About Book
A book that offers an elegant and inventive perspective on the multiple meanings of Indian masculinity
‘Masculine’ is most commonly defined in direct contrast to ‘feminine’. Masculinity is thus often seen as an antithesis of femininity, the two ideas apparently locked in a tussle over the allocation of characteristics.
Joseph Alter bypasses this opposition altogether in his original exploration of the concept of masculinity in modern India. He offers a strikingly new interpretation of Indian ‘maleness’, one that refers to itself, and not to an ‘other’. Through the distinct yet interrelated lenses of nationalism, yoga, wrestling, the concept of brahmacharya and male chastity, Alter examines the moral, material and biological roots of Indian masculinity. Unusually, it is the ideal of the celibate male that is the basis for this exploration.
About Author
Joseph S. Alter is an anthropologist who earned his doctoral degree from the University of California, Berkeley. He teaches at the University of Pittsburgh, where he is Professor and Department Chair. He was born in Landour, Uttarakhand and divides his time between Pittsburgh and the Allegheny mountains of western Pennsylvania and Mussoorie in the Himalayas.

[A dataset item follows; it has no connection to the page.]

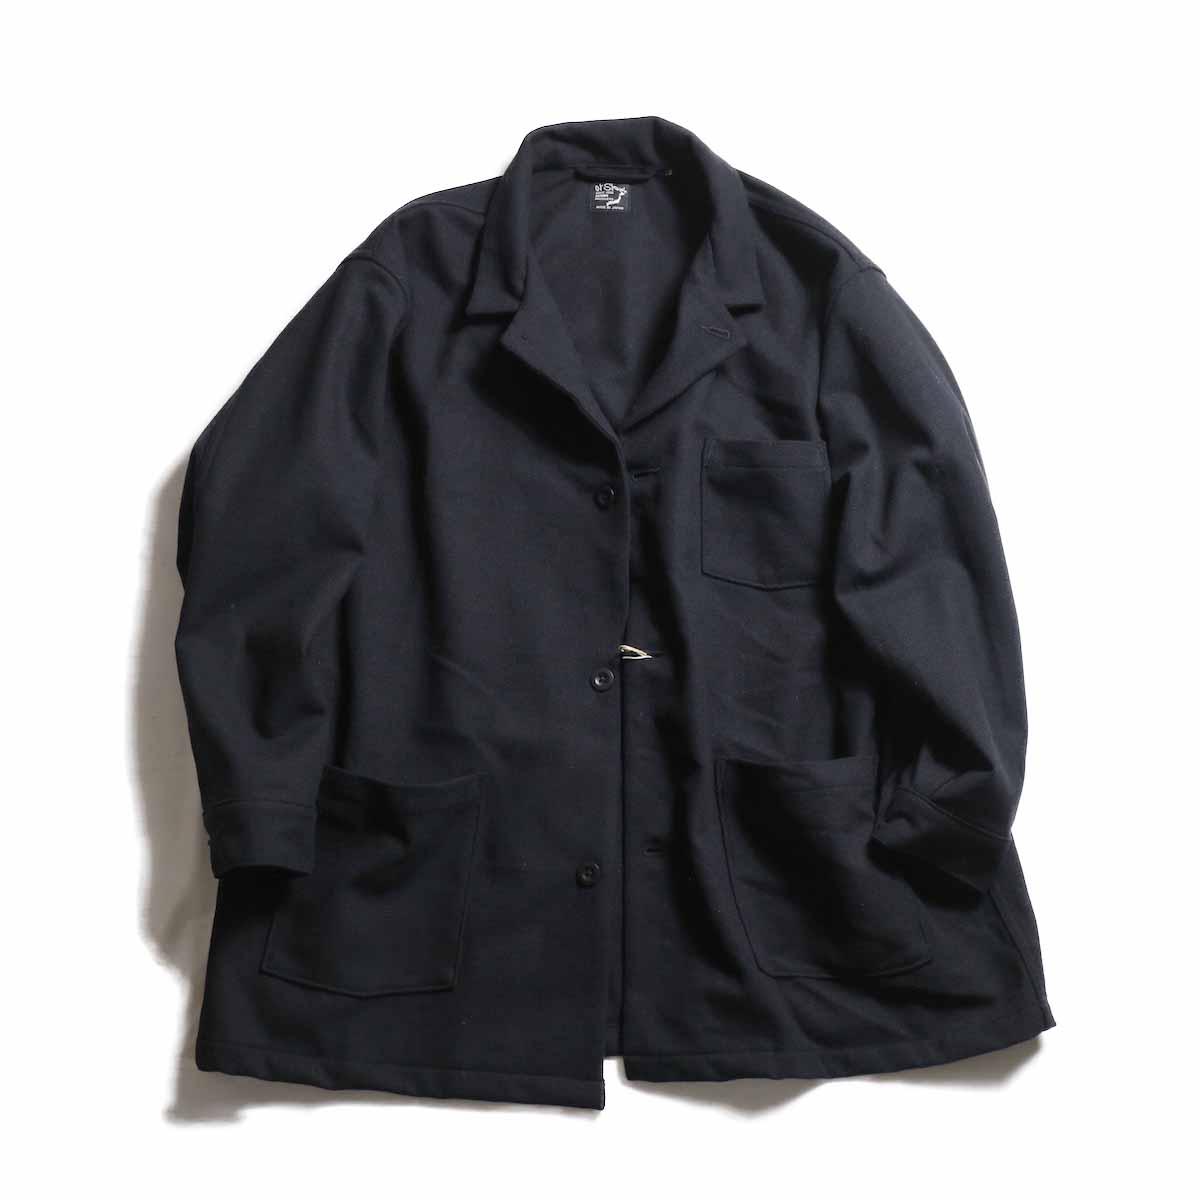 orSlow / Pajama Shirt -Melton Wool Herringbone Twill(BLACK)
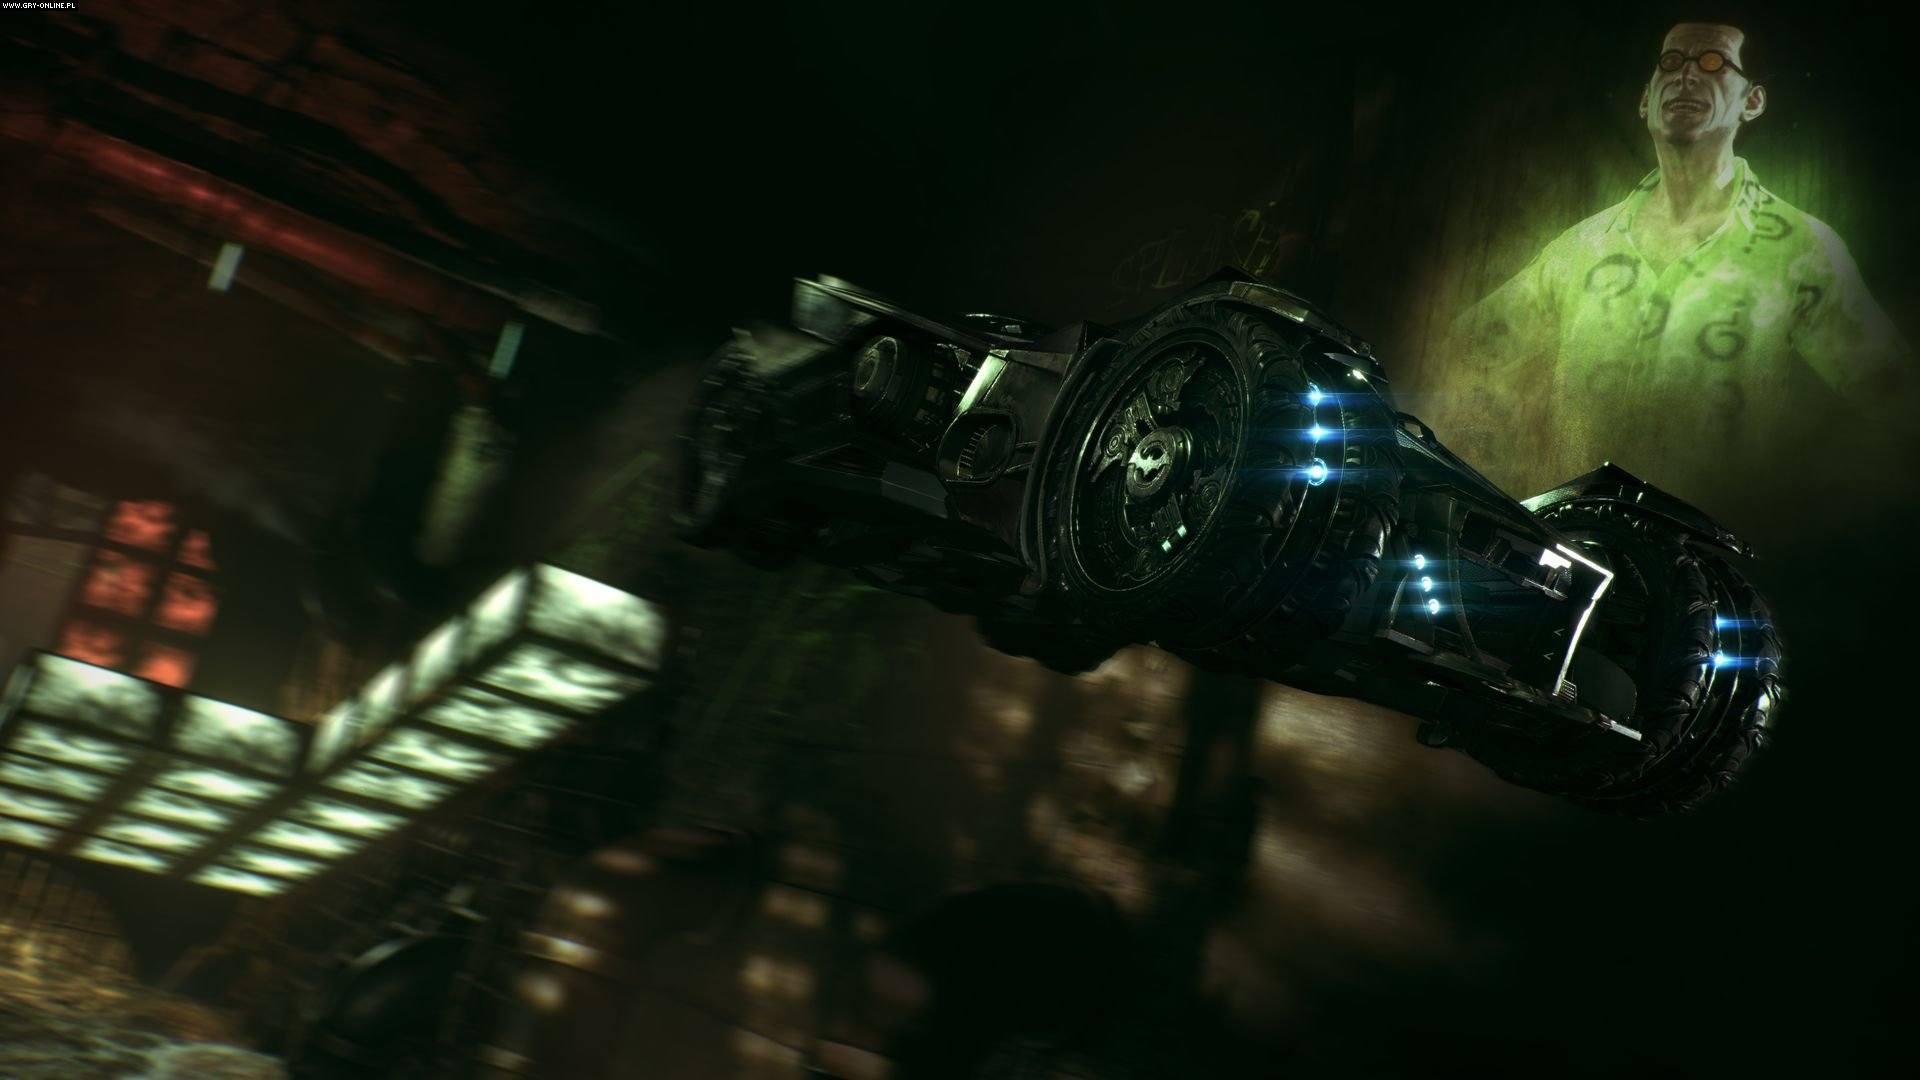 Batman Arkham Knight image #7

For thirty years he has been conducting research on various aspects of society and culture in South Asia with a particular focus on physical fitness, sport, and the culture and history of medicine. He has written five books, including The Wrestler’s Body (University of California Press, 1992), Knowing Dil Das (Penguin India 2010), Gandhi’s Body (University of Pennsylvania Press, 2000), Asian Medicine and Globalization (University of Pennsylvania Press, 2005) and Yoga in Modern India (Princeton University Press, 2004). He has also published extensively on a range of sports, including kabaddi and jori/mugdal, on the cultural history and philosophy of Ayurveda and Unani medicine, and on the impact of colonial and postcolonial development on the political economy of Mussoorie.